[Numpy-discussion] genfromtxt - the return
Tue Oct 6 21:40:50 CDT 2009
On Tue, Oct 6, 2009 at 10:08 PM, Bruce Southey <firstname.lastname@example.org> wrote:
> On Tue, Oct 6, 2009 at 4:04 PM, Pierre GM <email@example.com> wrote:
>> On Oct 6, 2009, at 4:43 PM, Christopher Barker wrote:
>>> Pierre GM wrote:
>>>>> I think that the default invalid_raise should be True.
>>>> Mmh, OK, that's a +1/) for invalid_raise=true. Anybody else ?
>>> yup -- make it +2 -- ignoring erreos and losing data by default is a
>>> "bad idea"!
>> OK then, that's enough for me: I'll put invalid_raise as True by
>> default. Note that a warning was emitted no matter what.
>>>>> One 'feature' is that there is no way to indicate multiple
>>>>> when the delimiter is whitespace.
>>>>> A B C D
>>>>> 1 2 3 4
>>>>> 1 4 5
>>> I'd say someone has made a very poor choice of file formats!

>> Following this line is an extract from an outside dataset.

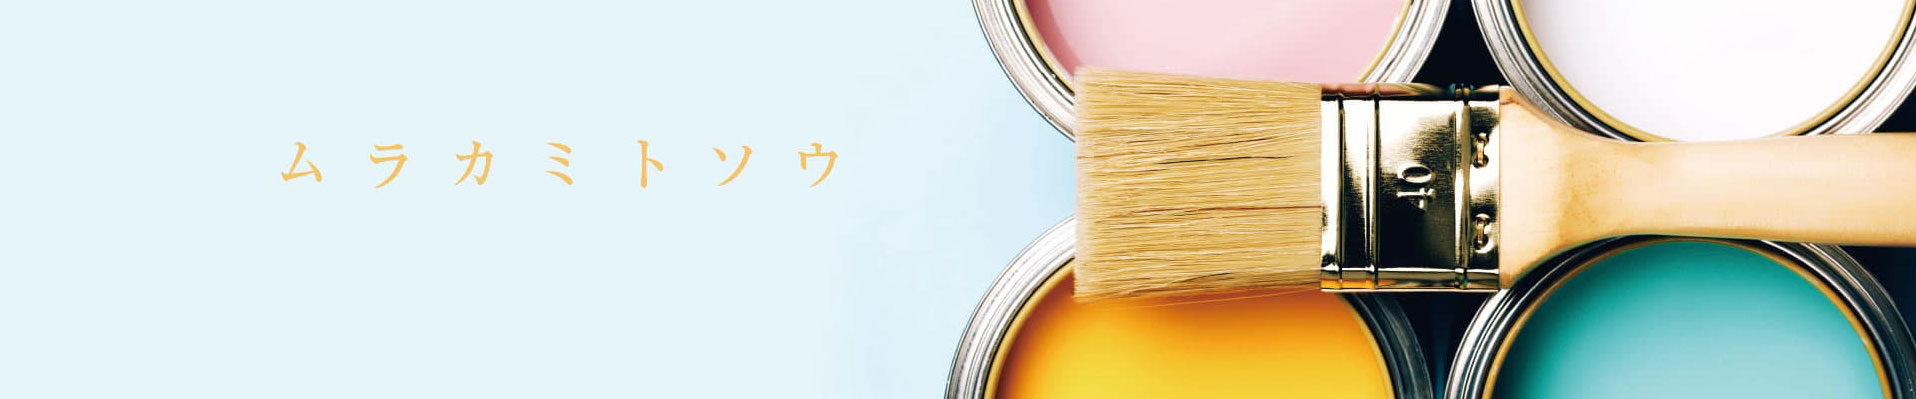 広島の職人直営店『Satis Select』への塗装工事サービスメニュー

> No, just seeing what sort of problems I can create. This case is
> partly based on if someone is using tab-delimited then they need to
> set the delimiter='\t' otherwise it gives an error. Also I often parse
> text files so, yes, you have to be careful of the delimiters. It is
> also arises because certain programs like spreadsheets there is the
> option to merge delimiters - actually in SAS it is default (you need
> to specify the DSD option).
>>> Unless this s a fixed width file, in which case it should be processes
>>> as such, rather than as a delimited one. I suppose it wouldn't hurt to
>>> add that feature to genfromtxt.. or is it there already. Perhaps
>>> what this means:
>>>> Have you tried using a sequence of integers for the delimiter ?

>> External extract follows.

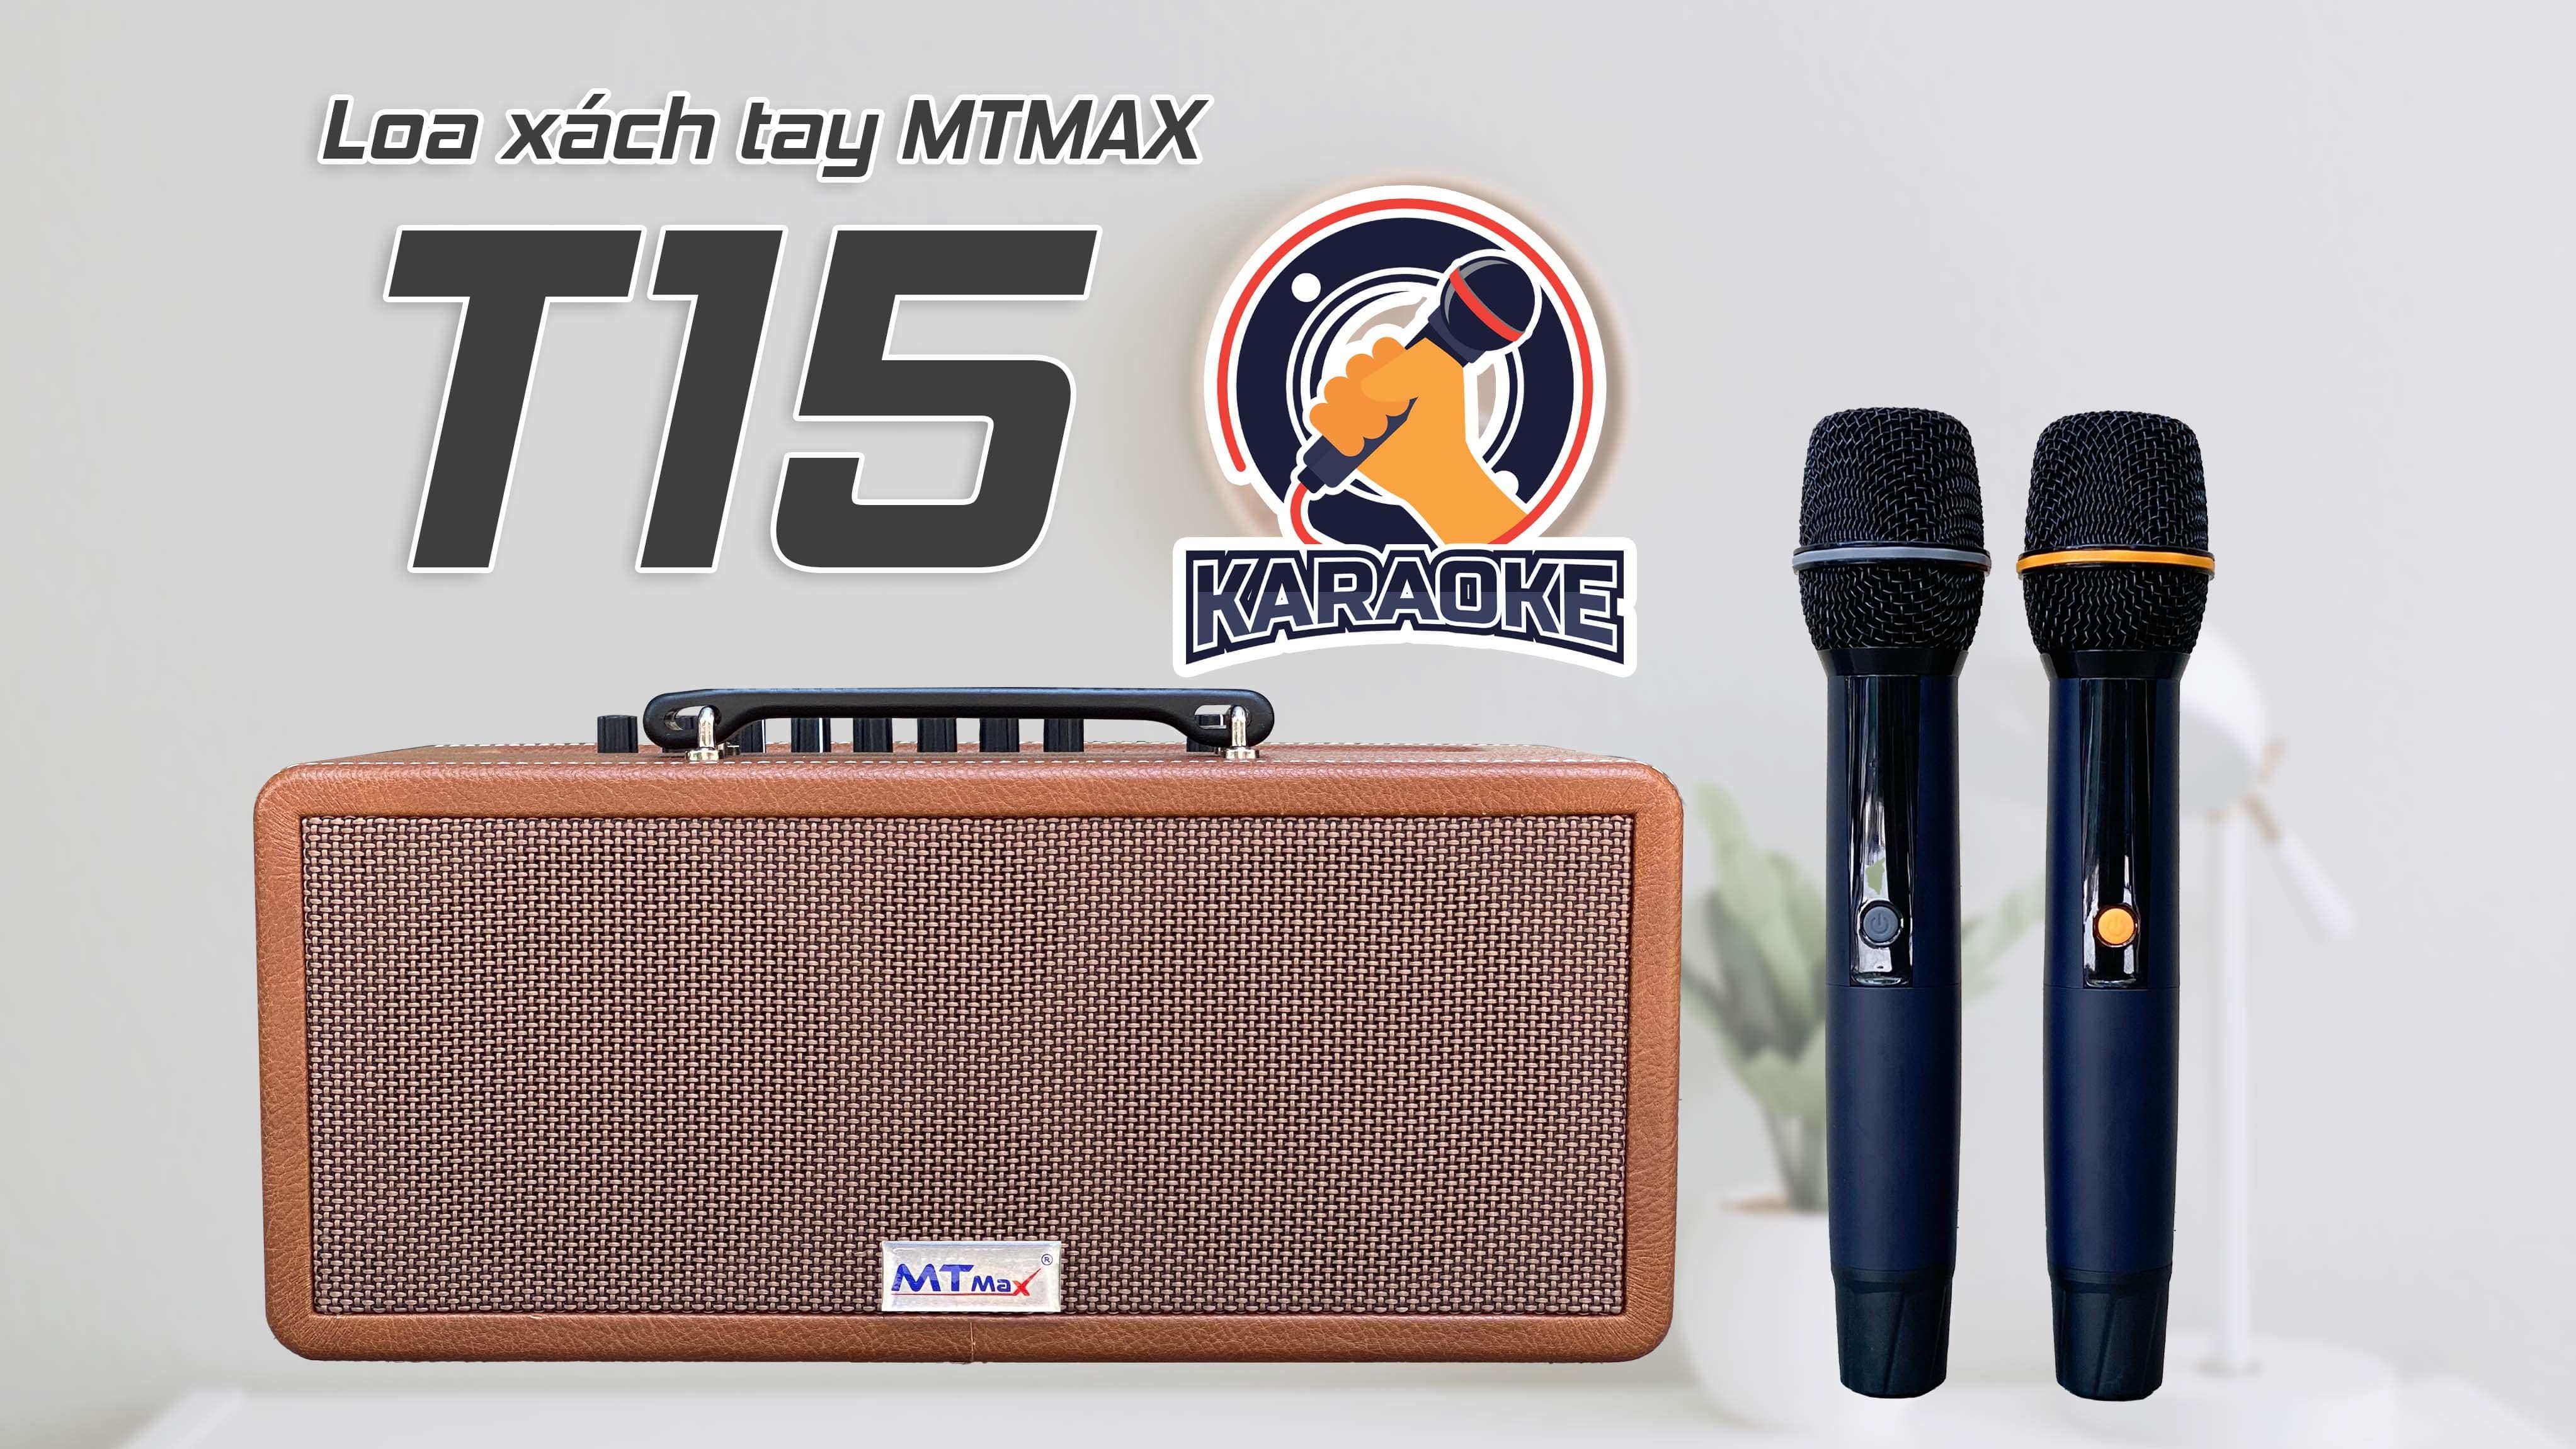 Loa kéo xách tay du lịch MTMAX T15 tích hợp vang chuyên nghiệp karaoke bluetooth 5.0 thiết kế sang trọng kèm 2 micro không dây hàng chính hãng

>> Yes, if you give a sequence of integers as delimiter, it is
>> interpreted as the length of each field. At least, should be.
> More to learn and test.
There's an example on using the fixed-width delimiter here:
As far as I know, it works fine.
> Anyhow, I am really impressed on how this function works.
Agreed. Genfromtxt and the derived are very useful.